This project is being made as part of the Quantum Computational Chemistry Group that is within Quantum Computing at Berkeley
BerryDelight is currently planned to be a simulation-first benchmark in quantum computational chemistry built around a question: when a variational quantum eigensolver is put up against a cheap classical surrogate, selected configuration interaction, does the quantum method actually win, and where?
There are no claims of quantum advantage being made for this project. The benchmark half is explicitly a learning substrate: build the full stack, understand the methods from the ground up, and reproduce a known result rigorously across molecules spanning weak single-reference correlation through strong multireference correlation, the regime where classical gold-standard methods begin to fail. Because the chosen systems will be small enough to have exact ground-truth energies, every method can be measured against the truth, and a negative result, where the surrogate matches or beats the quantum method, is a valid and expected outcome.
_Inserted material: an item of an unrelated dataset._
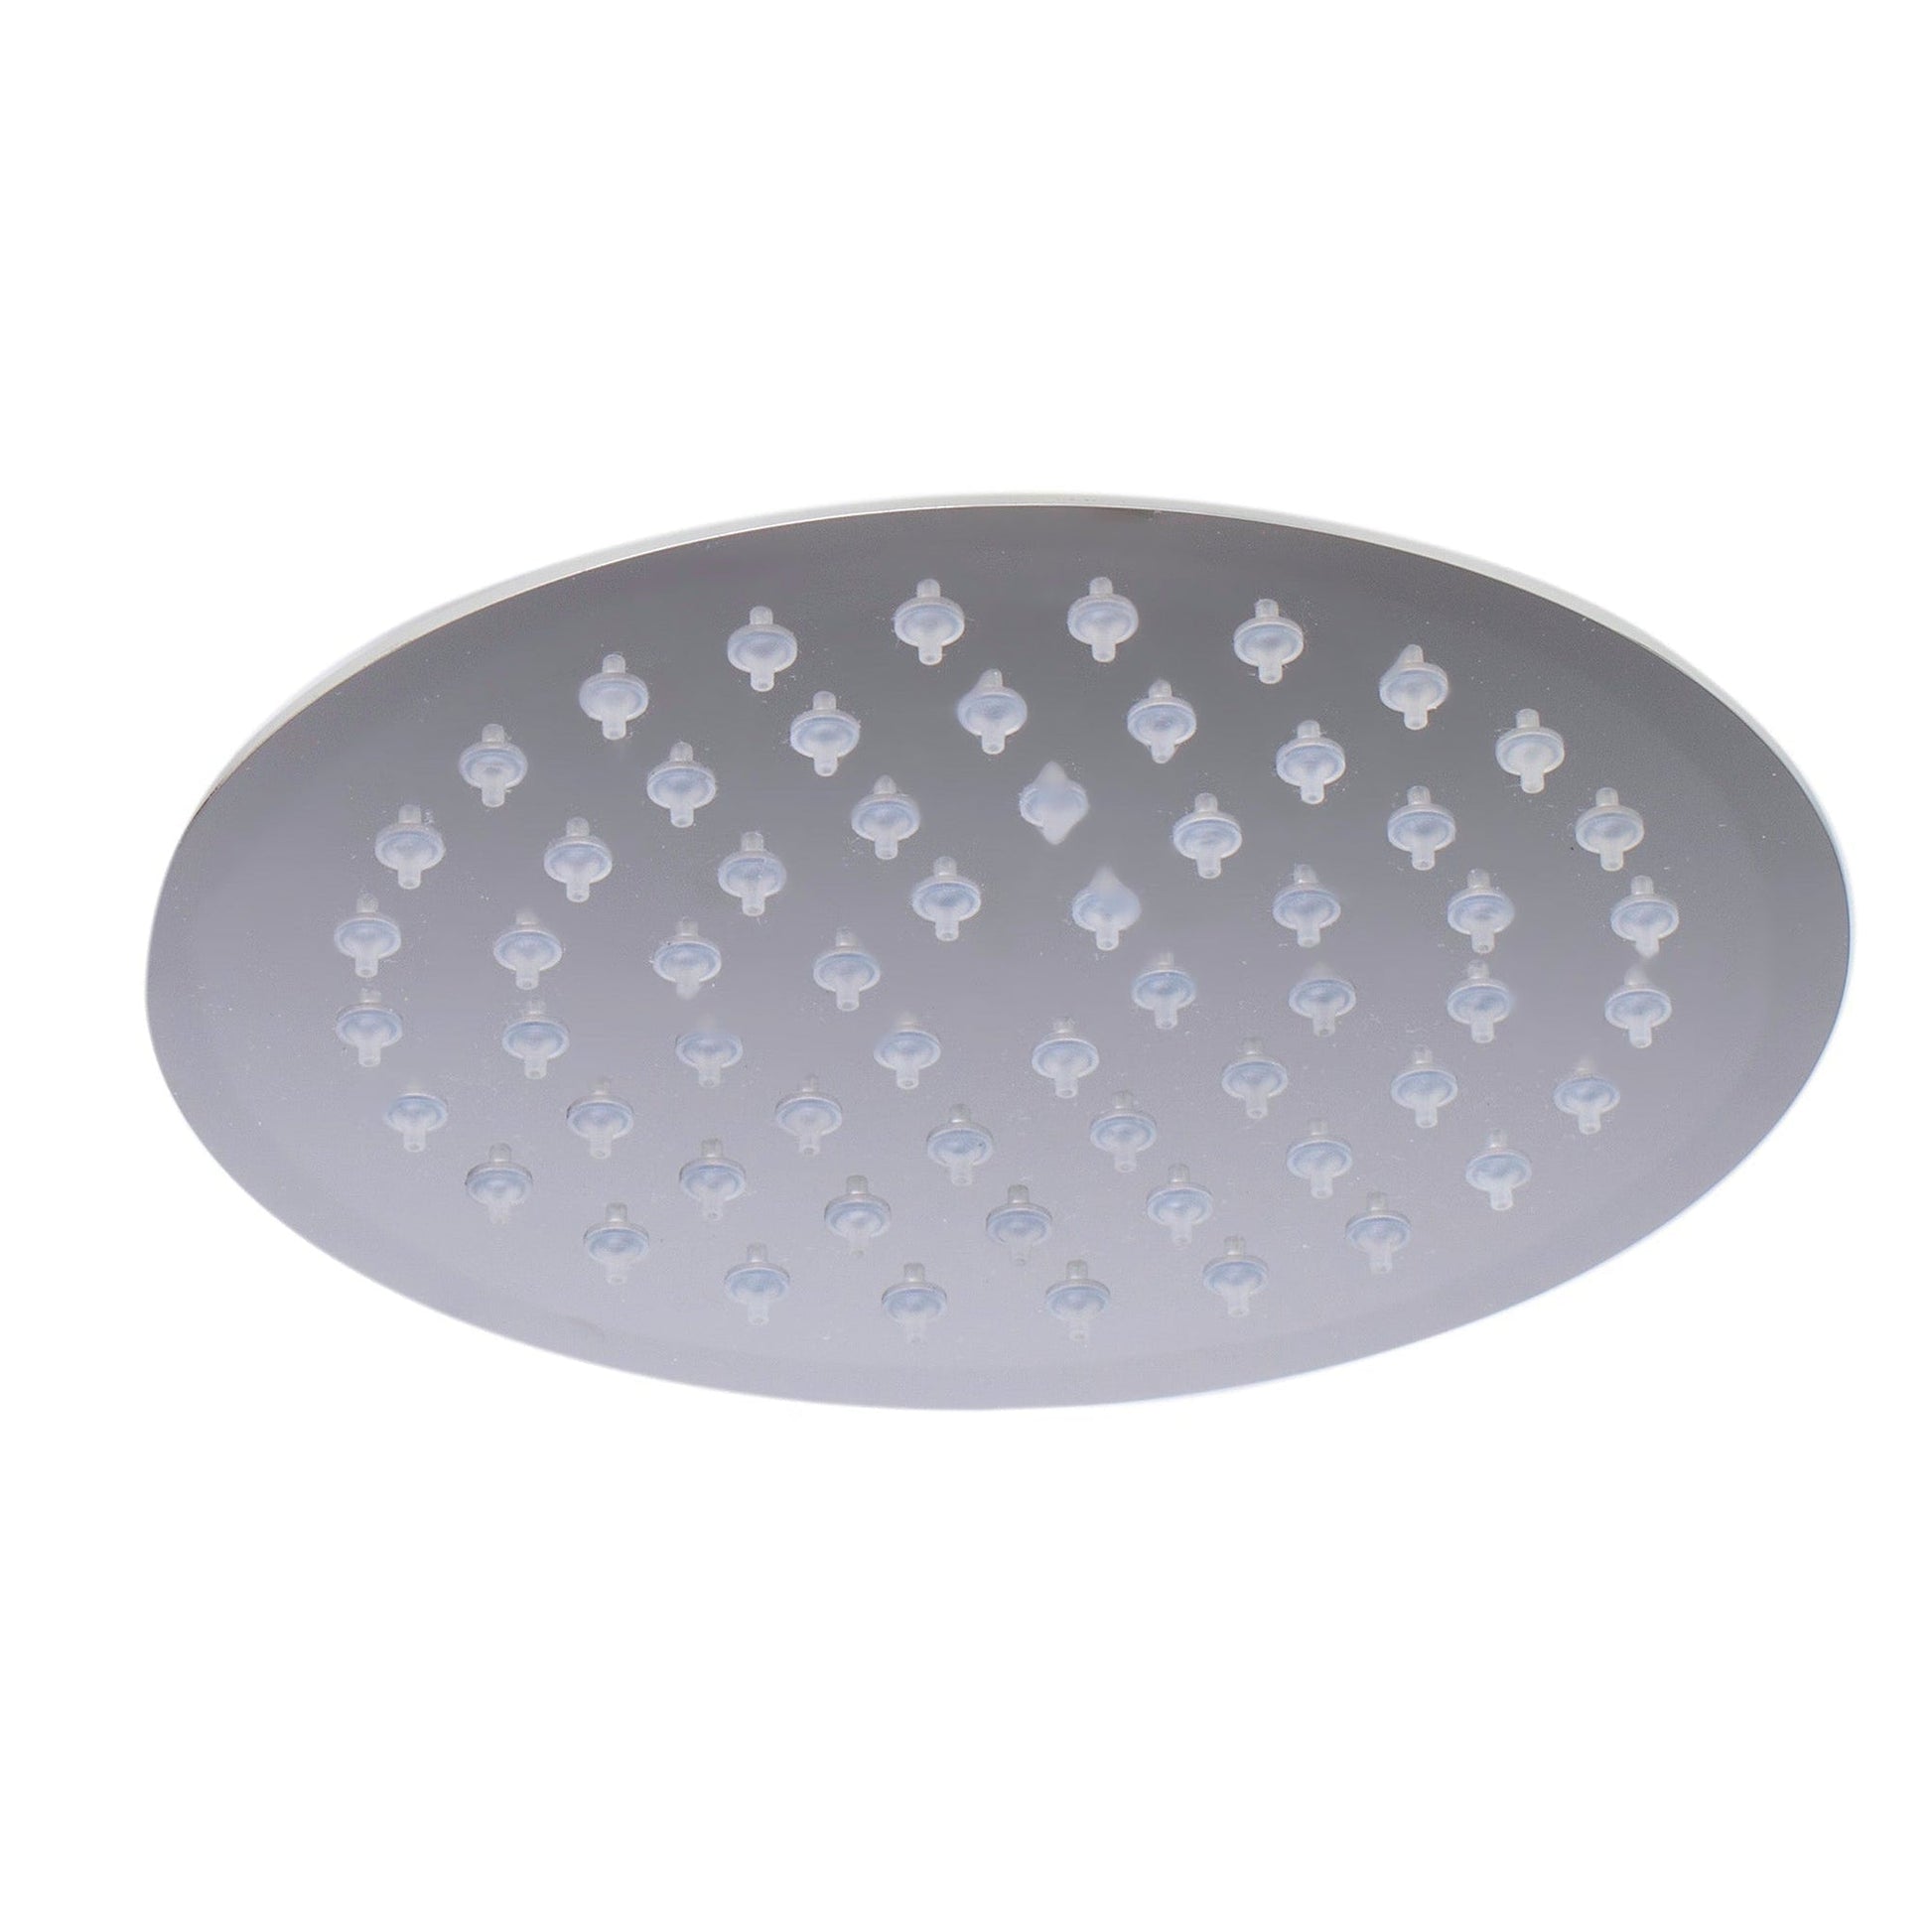 ALFI Brand RAIN8R-PSS 8" Round Solid Polished Stainless Steel Wall or Ceiling Mounted Ultra Thin Rain Brass Shower Head
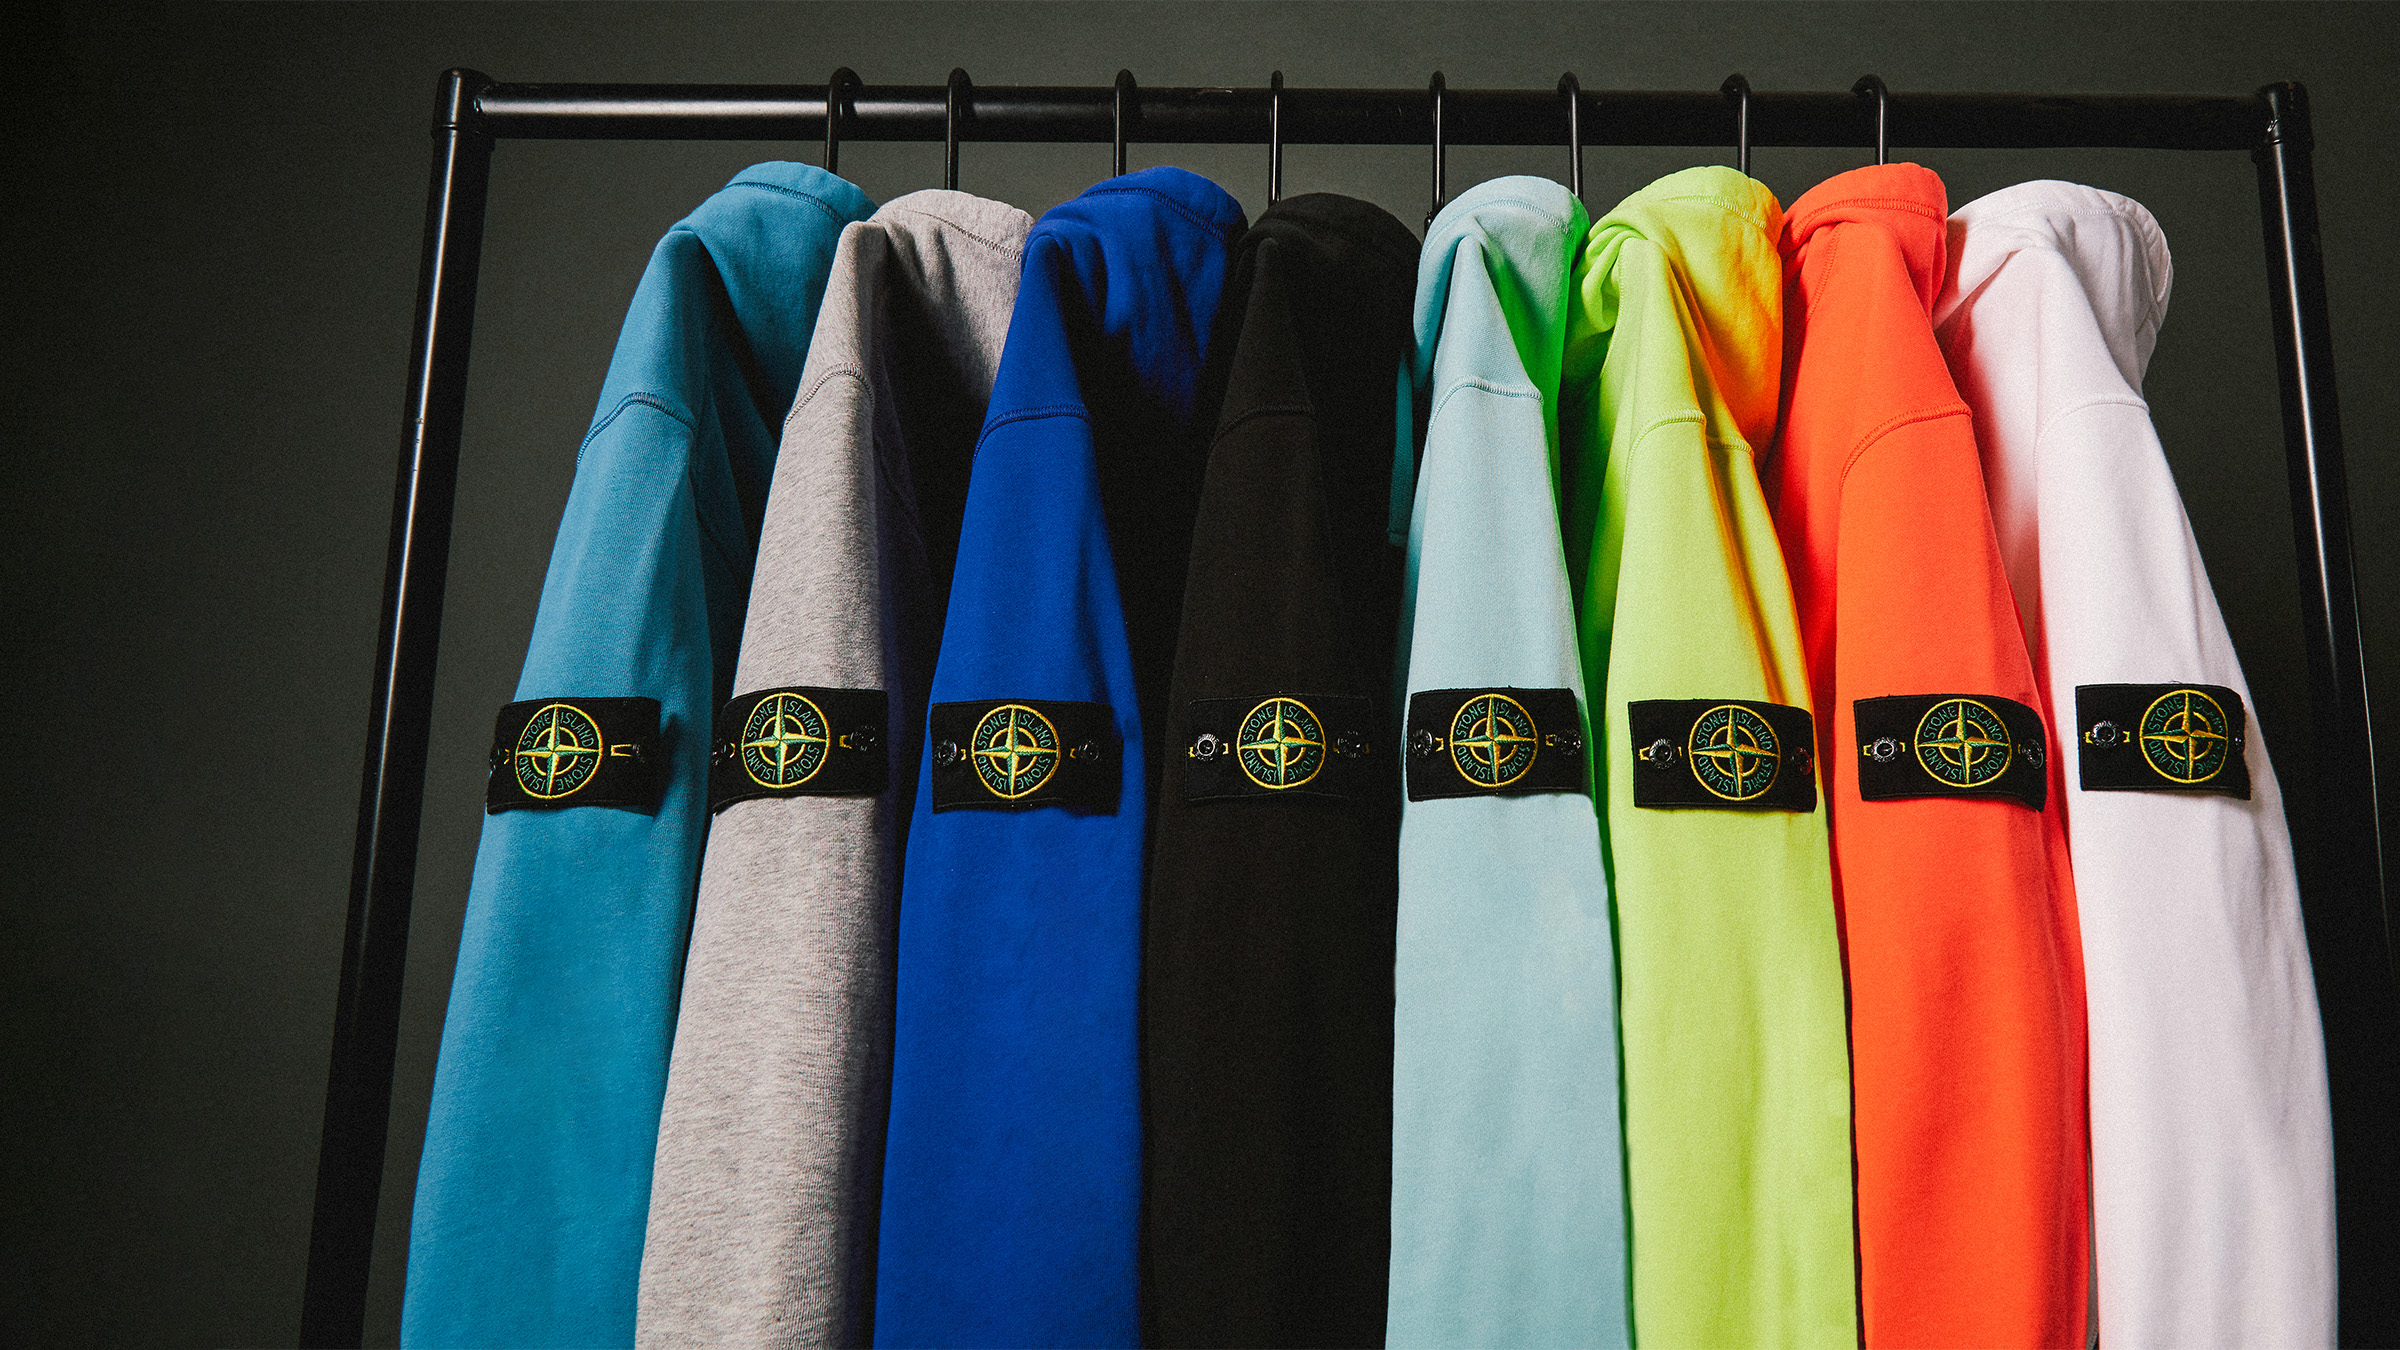 Stone Island for Men | END. (CN)

The second half of the project is the actually new question: given the benchmark results across the molecule set, can cheap chemical descriptors predict where the quantum-versus-surrogate gap opens, and which descriptors drive it? That question has a known qualitative answer but no systematic predictive model, and it is what BerryDelight is actually about.
The pipeline is Python-first, leaning on libraries like PennyLane and PySCF, with Rust reserved for the heavy lifting, beginning with a from-scratch selected-CI engine that serves as both a learning project and an independent cross-check.